La nourriture dans tout ce qu’elle contient d’éphémère et de périssable est l’une des métaphores du temps qui glisse, de la beauté qui fane. Véronique Ellena, Valérie Delarue et Paul Rebeyrolle jouent, chacun à leur manière de cette image qui colle à la peau de nos denrées. Les vanités autant que la nourriture cristallisent les saisons qui passent. Et s’il n’y a qu’un pas entre la nature morte et ces allégories de l’impermanence, il suffit de le sauter pour se retrouver dans un cabinet de curiosités. Mark Dion est justement connu pour ses installations inspirées des célèbres Wunderkammern. Ici, les aliments sont esquissés sur une grande table où s’expose une quantité gargantuesque de desserts. Le dessin préfigure une installation qui ne sera finalement jamais réalisée.
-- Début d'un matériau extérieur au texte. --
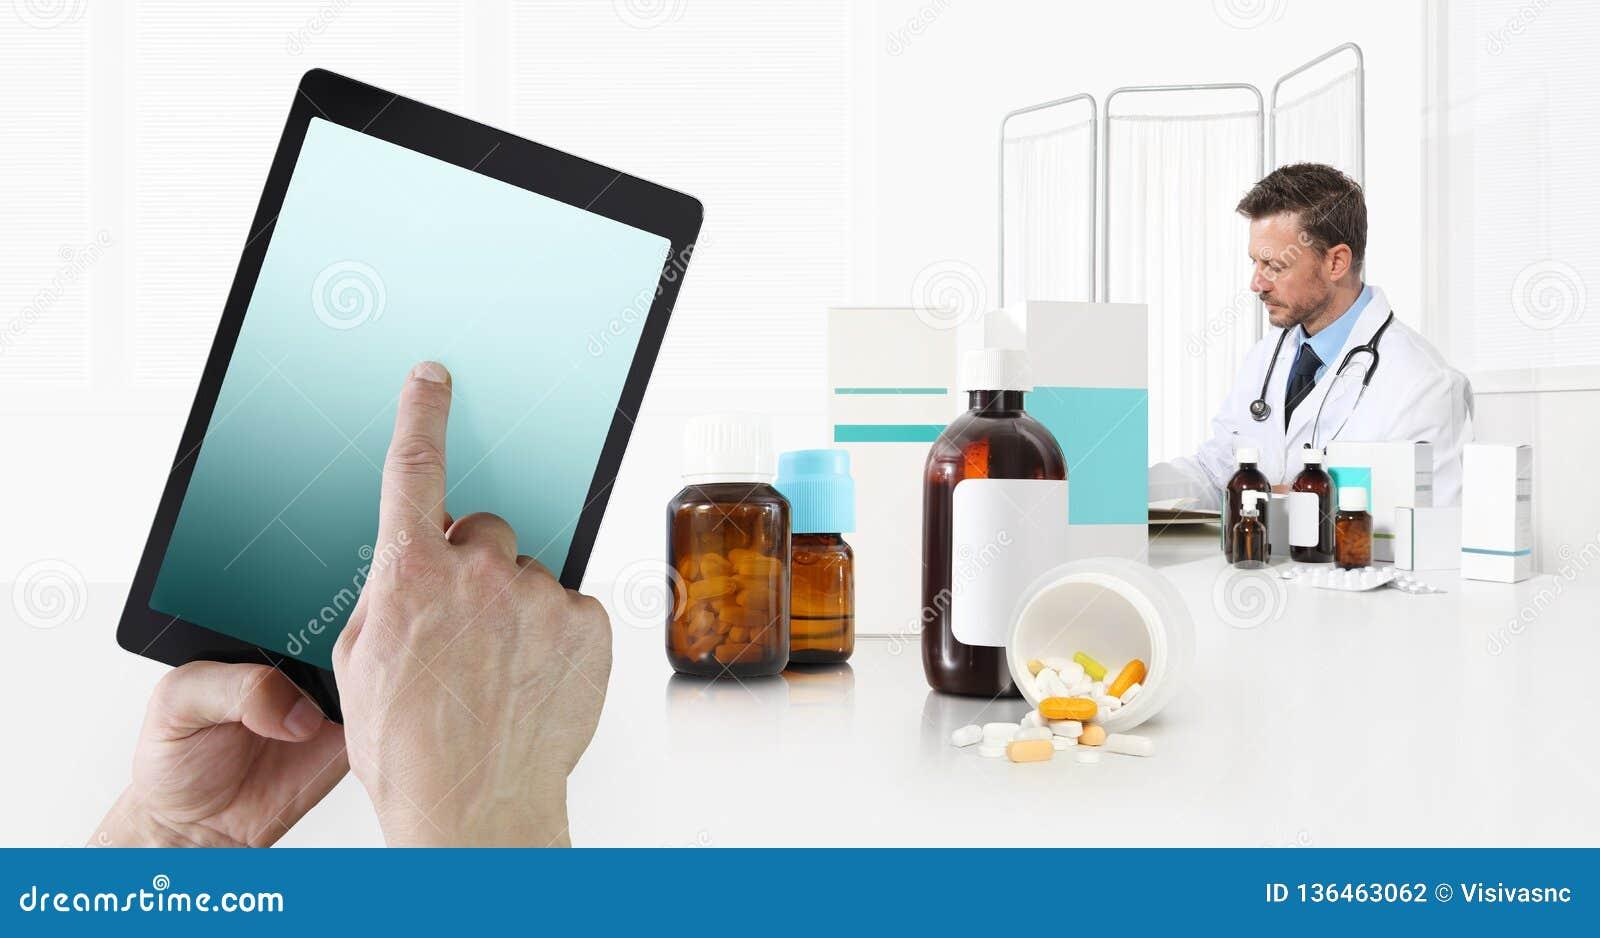 Internet-gezondheidszorg en medisch bij het mobiele apparatenoverleg, handtouch screen over digitale tablet, arts op bureaukantoo

à croquer est ainsi pensée comme une exposition étonnante et détonante dans laquelle les œuvres sont appétissantes ! Sélectionnés pour la grande qualité de leur travail, les seize artistes de l’exposition ont abordé la nourriture tantôt avec un regard critique, une certaine délicatesse ou un imaginaire onirique, articulant et
développant les problématiques qui traversent nos aliments et leur représentation. Face à ce témoignage d’un nouveau regard porté sur le contenu de notre cuisine, le spectateur ne peut rester indifférent. Celui-ci est tour à tour amusé, nostalgique, dégoûté, séduit, dérangé, intrigué par ce festin original qui ne manque pas de nous en mettre, et plein les yeux, et l’eau à la bouche.